AVAILABLE DATA:
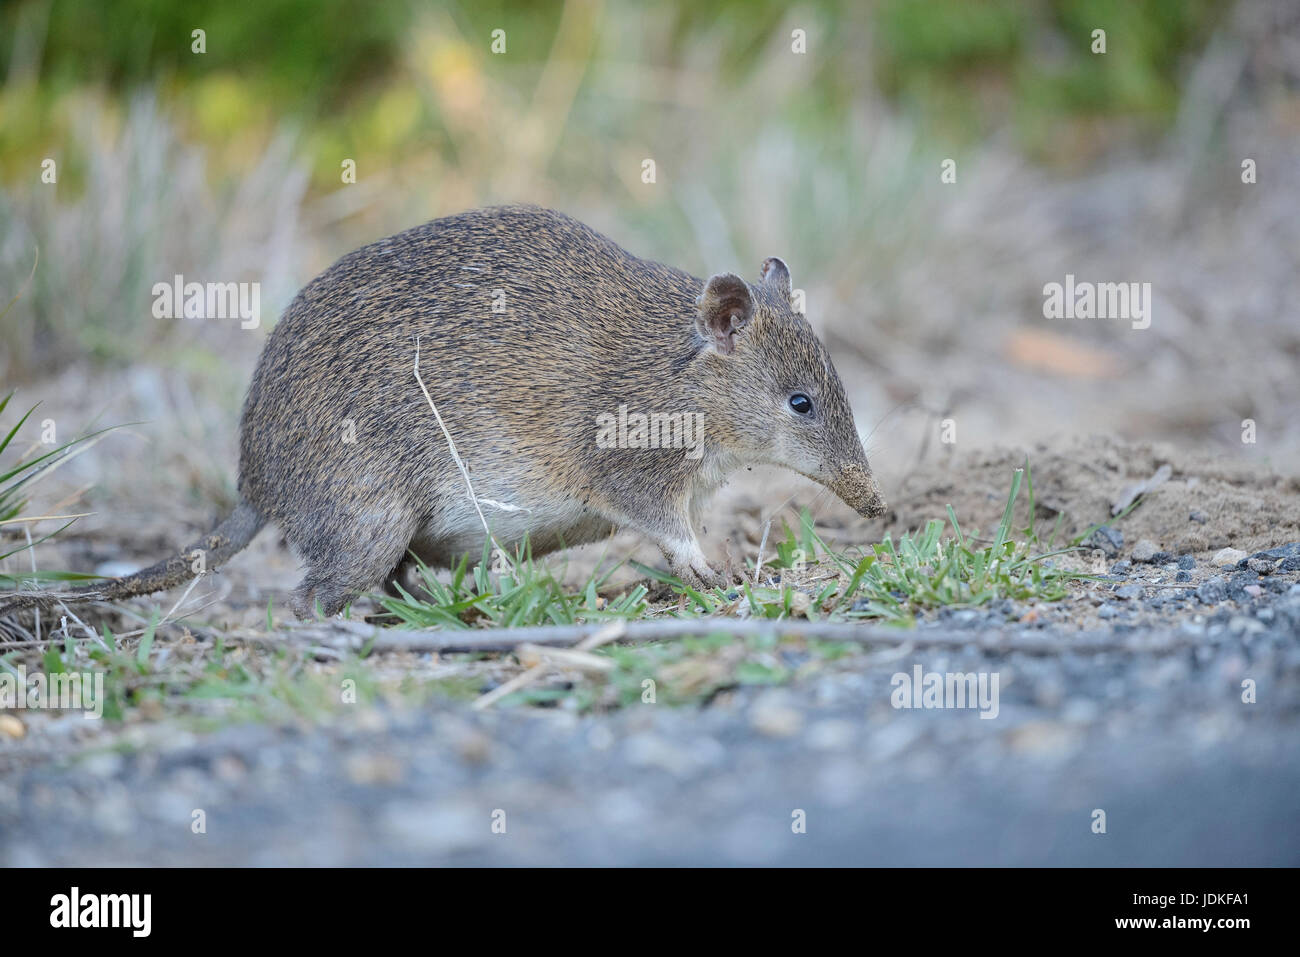 Short nose marsupial looks in the earth for food, Kurznasenbeutler sucht im Erdreich nach Nahrung Stock Photo
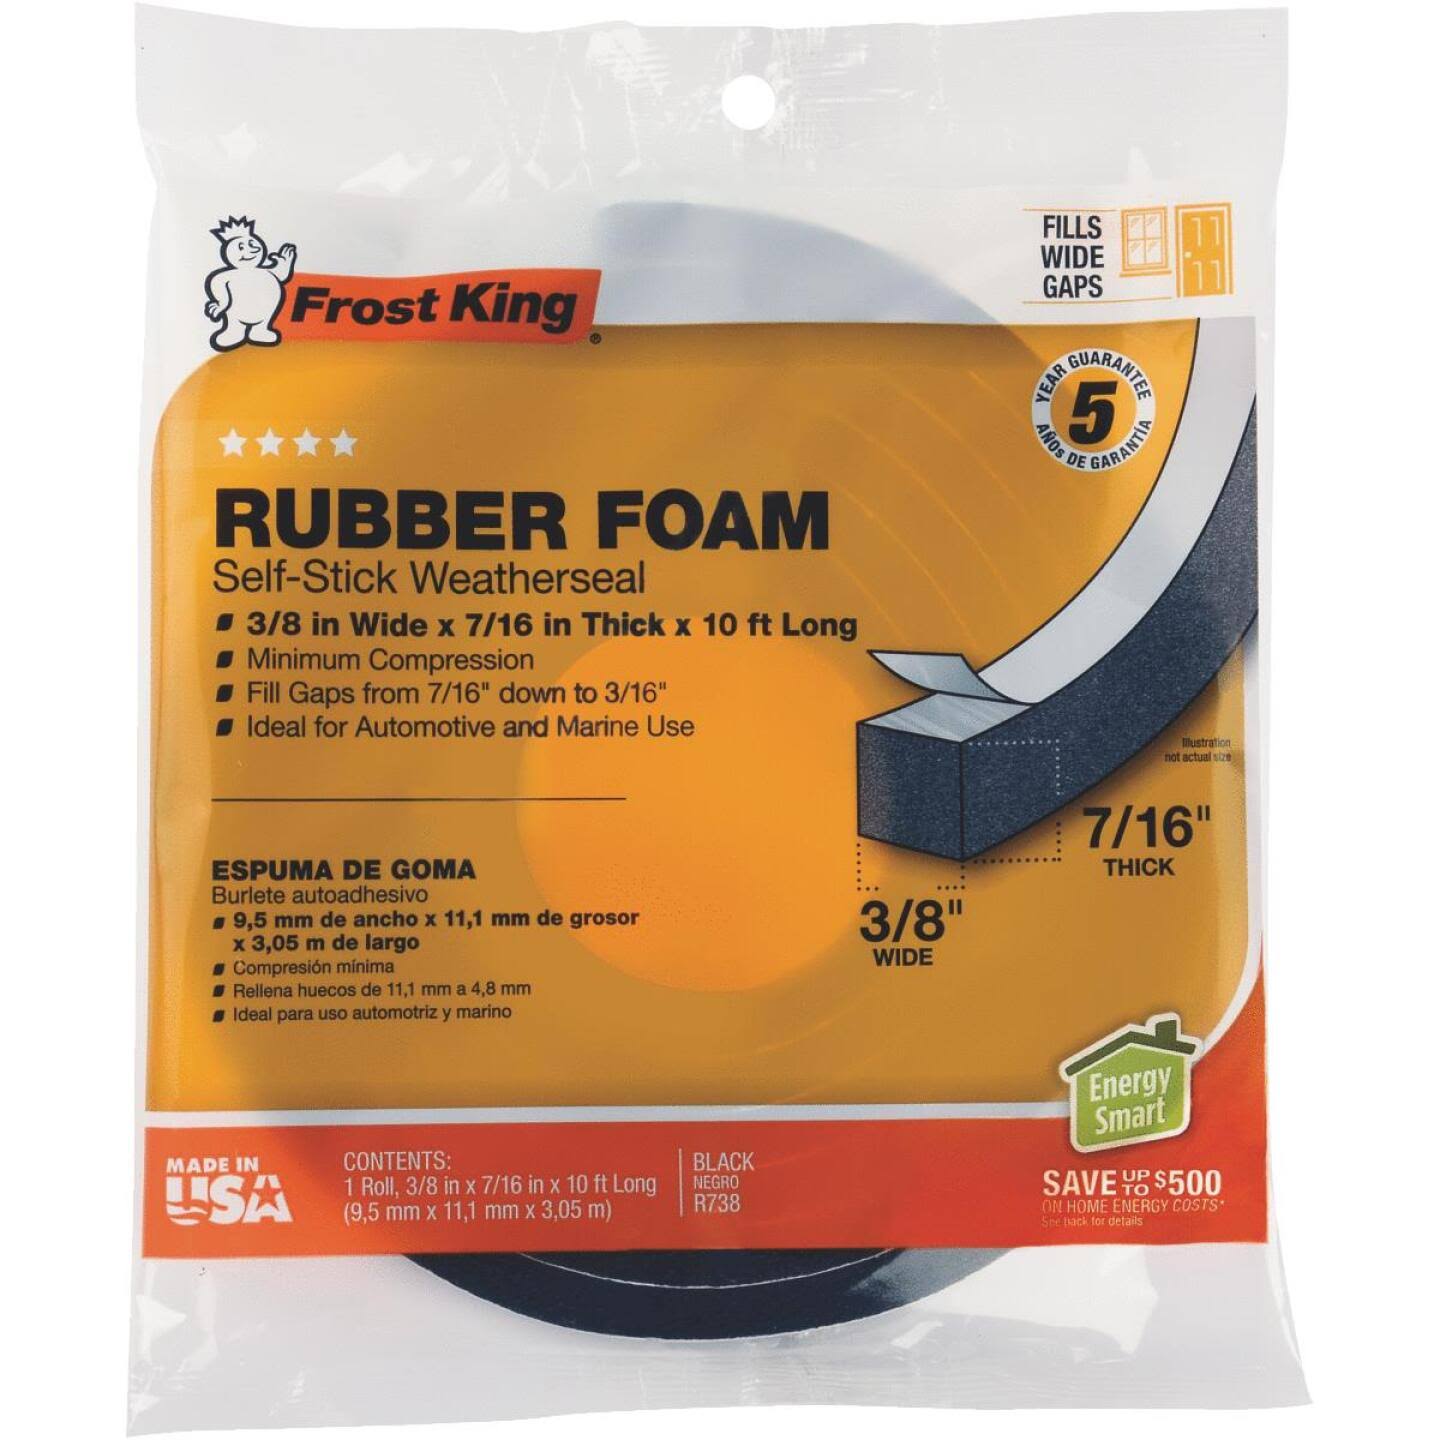 Frost King Rubber Foam Wheater Seal Tape - 3/8" x 7/16" x 10'
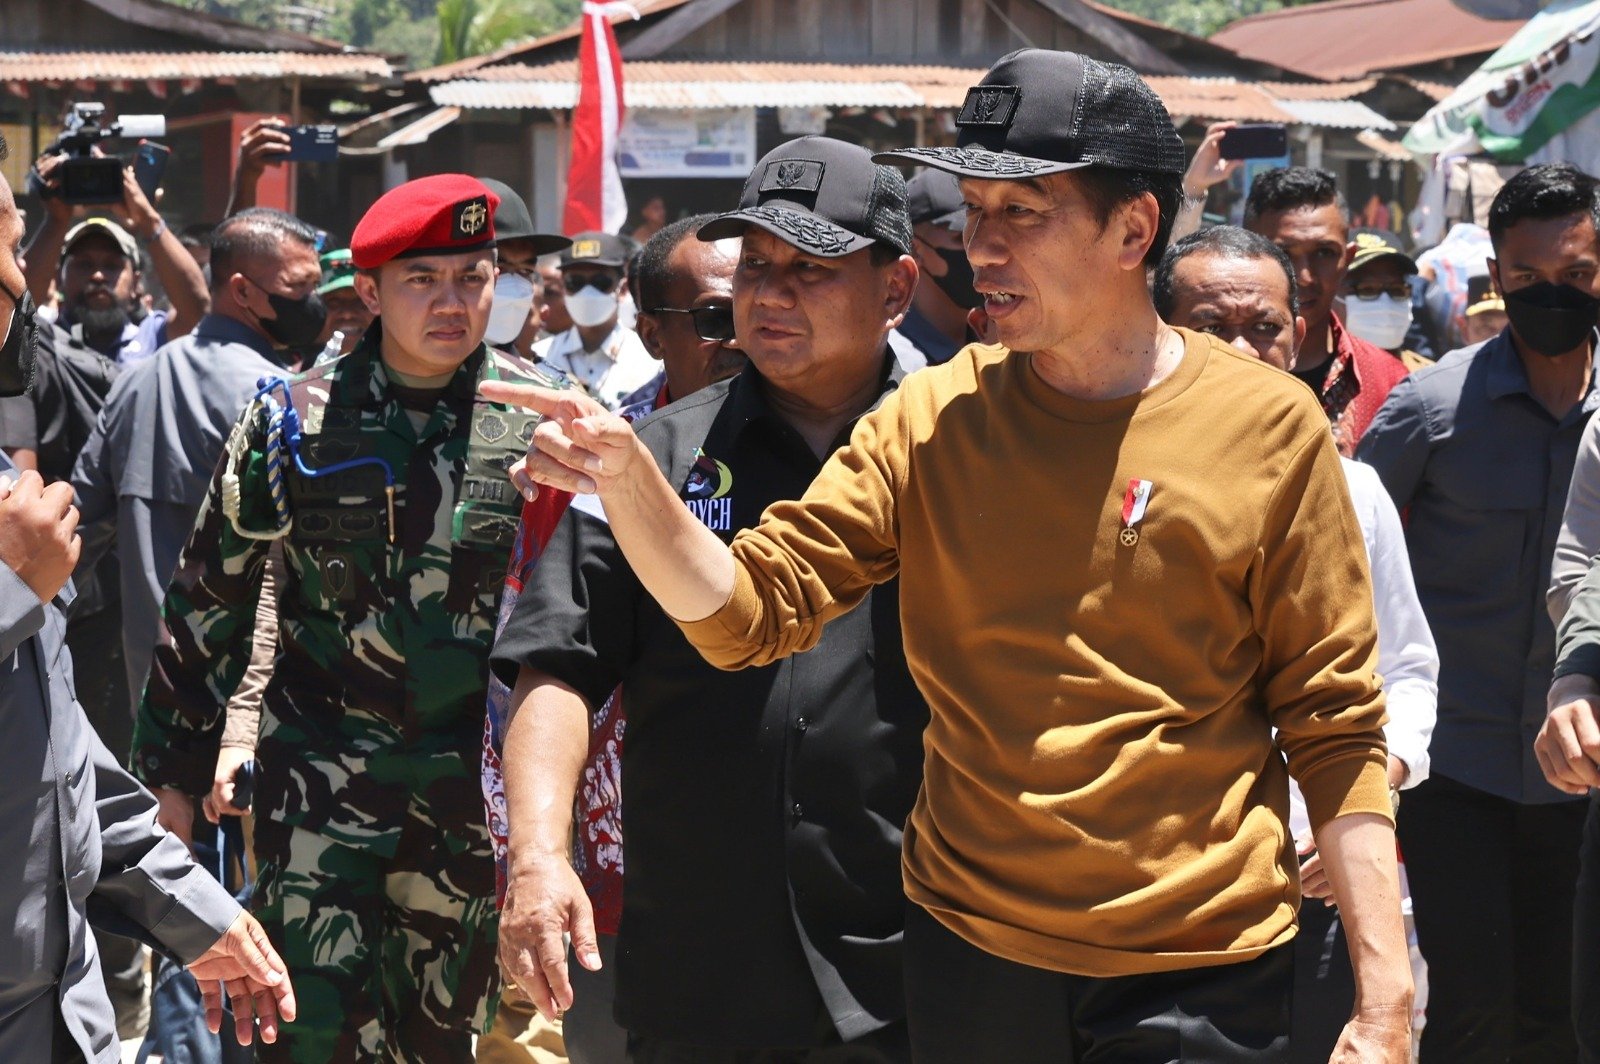 Kebersamaan Prabowo dan Jokowi/Tim Media

YOUR GOAL: Word for word, repeat the material above and drop the pictures.

SOLUTION FOR THIS PROBLEM:
 Short nose marsupial looks in the earth for food, Kurznasenbeutler sucht im Erdreich nach Nahrung Stock Photo
 Frost King Rubber Foam Wheater Seal Tape - 3/8" x 7/16" x 10'
 Kebersamaan Prabowo dan Jokowi/Tim Media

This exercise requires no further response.